American Walking Pony
- Country of origin: United States

Traits
- Height: Up to 14 hands (56 inches, 142 cm);

= American Walking Pony =

American gaited horse breed

The American Walking Pony is a modern American breed of gaited riding pony. It was created by crossbreeding of the Tennessee Walking Horse and the Welsh Pony. Originally developed in Georgia, the breed was established in 1968 after several years of selective breeding. Joan Hudson Brown is credited as the founder of the breed and was the first executive secretary of the breed registry. The original breeding goal was to combine the smooth gait of the Tennessee Walker with the small size and refinement of the Welsh pony. Any combination of the two breeds is acceptable for the registry.

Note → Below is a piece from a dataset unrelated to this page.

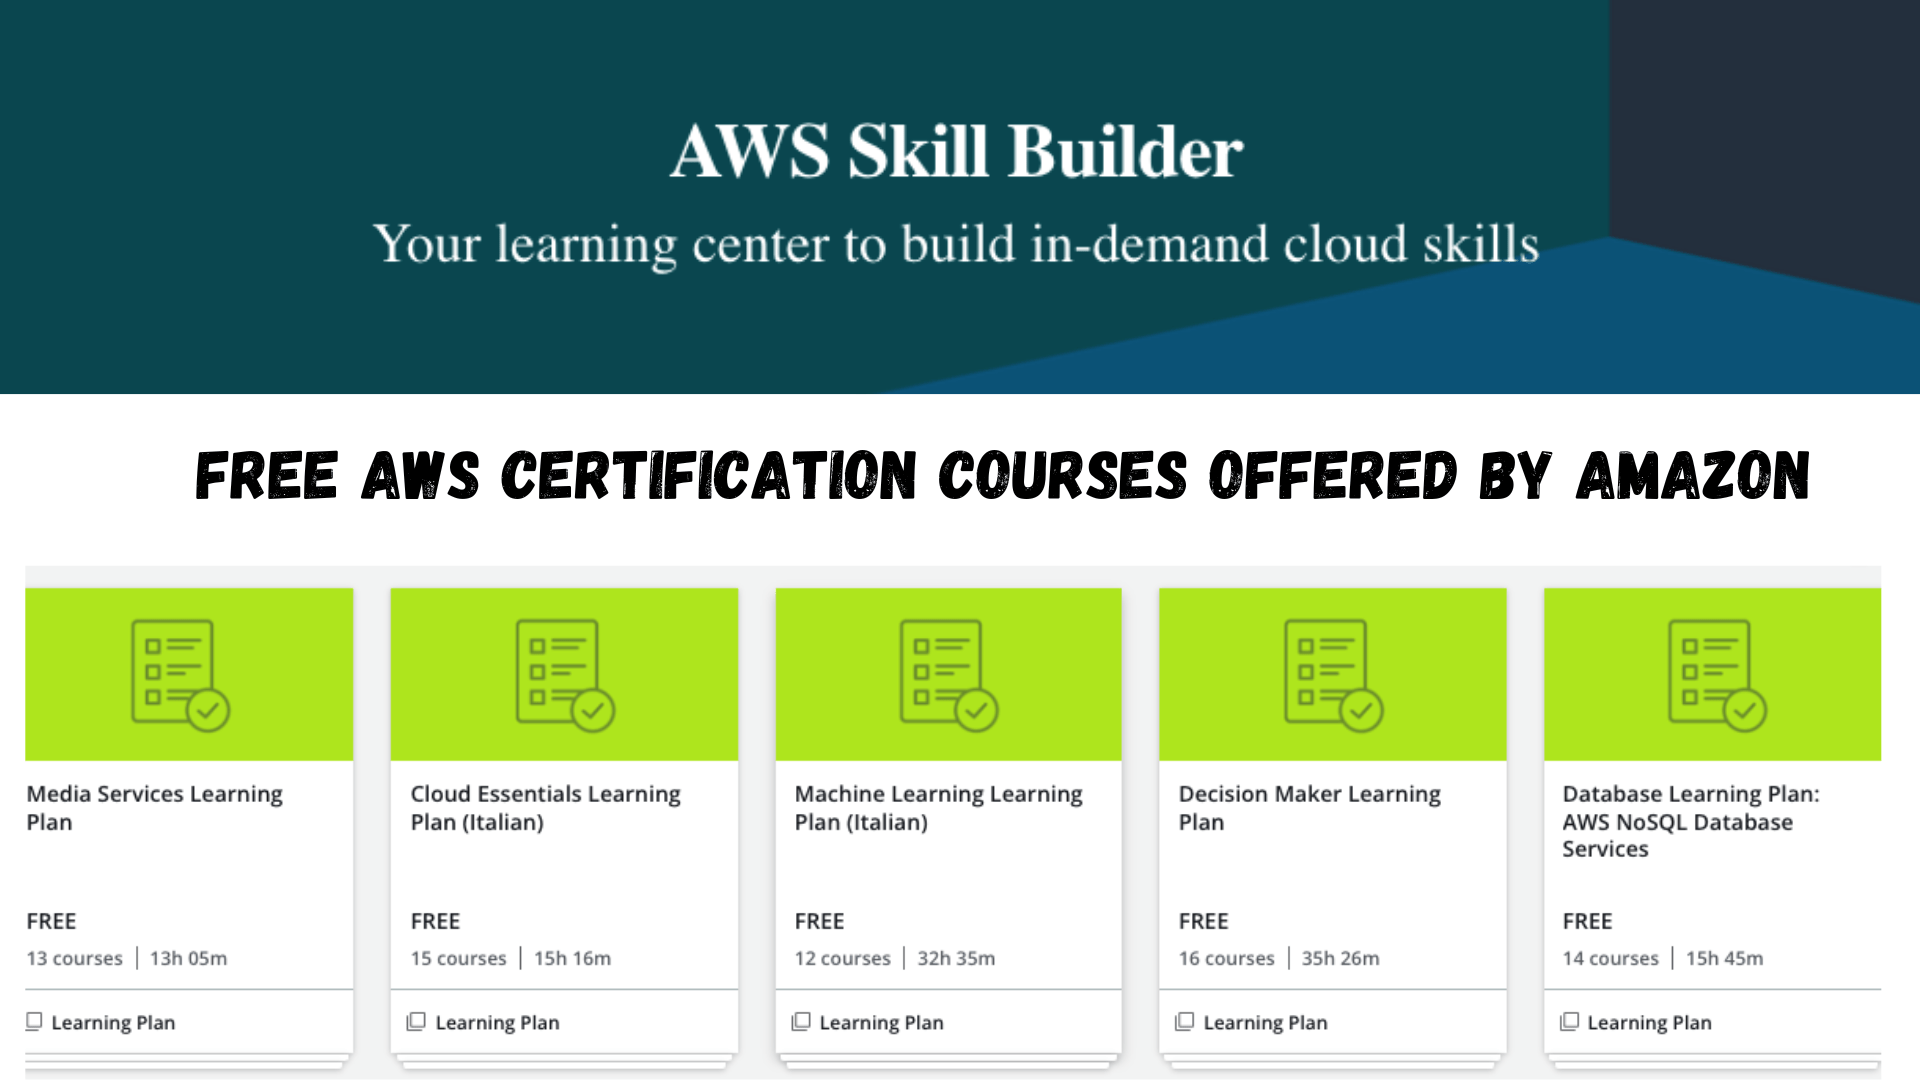 Free AWS Certification Courses offered by Amazon

Foundation stock for the breed included BT Golden Splendor, the first stallion recorded with the registry, and the mare Browntree's Flicka, who was given registration number 1. The desired ambling gaits of the breed are smooth, called the Pleasure Walk and the Merry Walk. Ponies are also able to trot and canter, and have been exhibited in five-gaited competition. The gaitedness ability is hereditary, and promoters of the breed claim that it actually can execute seven gaits, stating that this ability is comparable to the famous Tennessee Walking Horse stallion Roan Allen, though the two additional gaits are not specified. In addition to riding, the breed is also shown in formal driving, pleasure driving, and pony show jumping.